An agent will be created for each request as early as possible (usually in the framework's bootstrap file or even in a auto_prepend_file). It will read the breakpoint configuration from the breakpoint storage and register each breakpoint for collection. If any breakpoints are found, it will register each breakpoint with a callback function to handle captured data. This callback is responsible for reporting captured variables and log messages to the Stackdriver servers.

Distribution

This library will be distributed like the other google/cloud PHP veneer libraries via PHP's standard package manager composer. It will be released individually as google/cloud-debugger and will also be available through the meta package google/cloud.

To install, the developer will add google/cloud-debugger to their composer.json file. This composer package will have a dependency on the stackdriver_debugger extension.

C Extension

The debugger extension will only be responsible for modifying the runtime with provided snapshot definitions. It will not handle communication with the Stackdriver server.

Registering a Breakpoint

Near the beginning of the request, you will want to register all breakpoints you want handled in that request. This is generally handled for you by the veneer library's Agent class. This looks something like:

stackdriver_debugger_add_snapshot($file, $line, $options);
stackdriver_debugger_add_logpoint($file, $line, $logLevel, $logFormat, $options);

These definitions will be stored so we can look them up at compilation time in order to modify source.

Modifying Source at Compilation Time

In PHP all files are lexed/parsed/compiled into opcodes. Without OPCache, which is the default, this occurs on each request for each file require'd during the request.

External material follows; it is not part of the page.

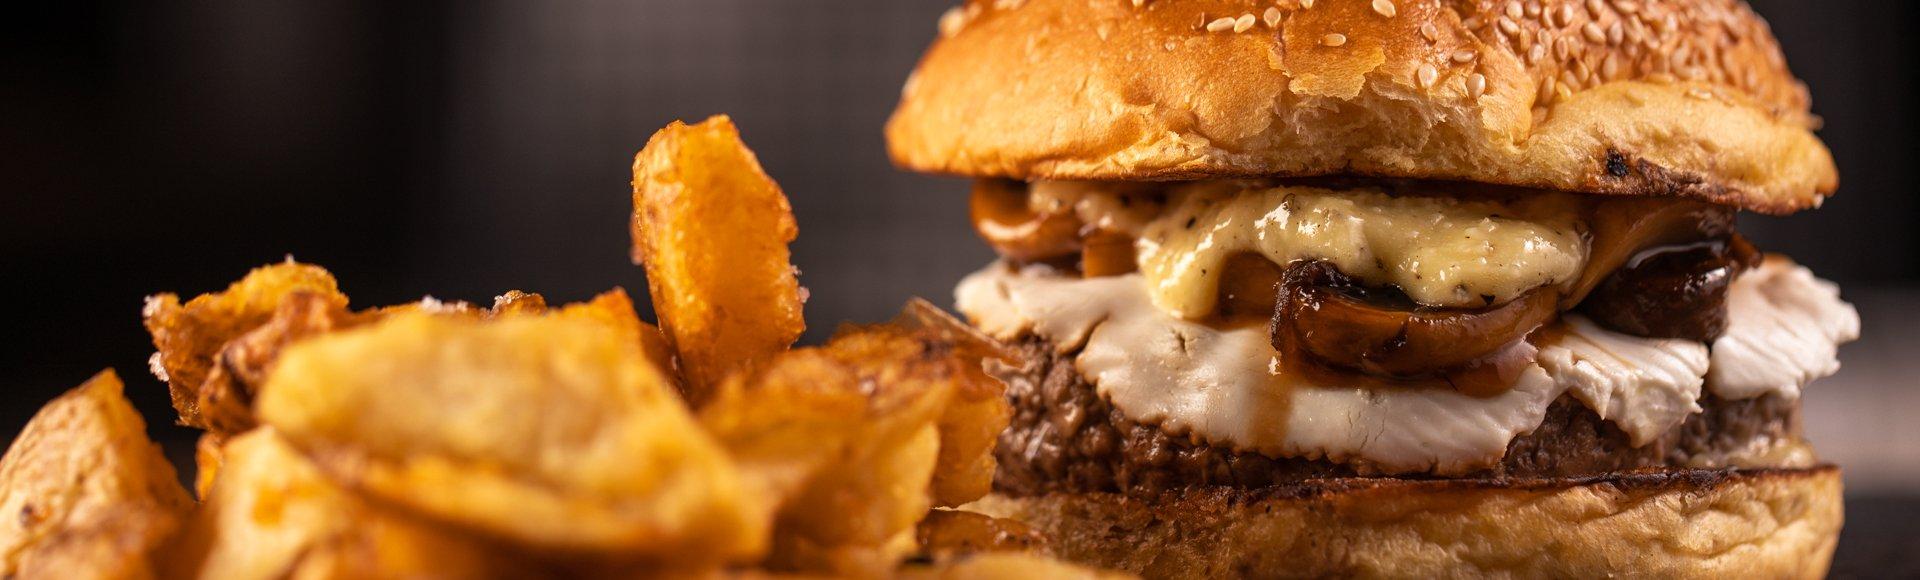 Burger με μανιτάρια και κατσικίσιο τυρί

When a file is compiled, we can check the file against the list of breakpoints to determine if a breakpoint(s) is included in that file. If it is, we can use the zend_ast_process hook to modify the compiled AST. Each node in the AST contains information about the line it's on. We can search through the AST until we find the first statement on or after the file line and inject our breakpoint handler into the AST.

Injecting

To inject the breakpoint handler, we replace the AST node with a new AST_LIST node that calls stackdriver_debugger($snapshotId) and then the original node. This replacement will only happen in an AST_STMT_LIST node which are blocks of standalone statements. This means we won't insert the breakpoints into the middle of a multi-line statement. The stackdriver_debugger function will handle evaluating the snapshot or logpoint depending on the registered configuration.

Whitespace Handling

If we can't find an AST node on the exact line number of the breakpoint, we will need to decide how to inject the breakpoint. If there is a statement in the same statement list, we will pick that next line as if it were the line chosen. If there is no statement, then we unfortunately may not be able to keep the snapshot inside the current scope.

Evaluating Snaphots

To evaluate a snapshot, we need to capture the current state of local variables at each level of the stacktrace. To do this, we store structs for each stackframe and for each stackframe, we capture a hash table (associative array) of local variables. Each of the local variables are duplicated so that if the value changes later, our captured values are unaffected.

If a callback is specified (automatically set up by the PHP library's Agent), the callback is executed with the captured data. If a callback is not specified, the results may be fetched from the extension via the PHP function:

$snapshots = stackdriver_debugger_list_snapshots();

Evaluating Logpoints

To evaluate a logpoint, we need to evaluate a string expression with replacements within the current execution scope. We can accomplish this by leveraging zend_eval_string.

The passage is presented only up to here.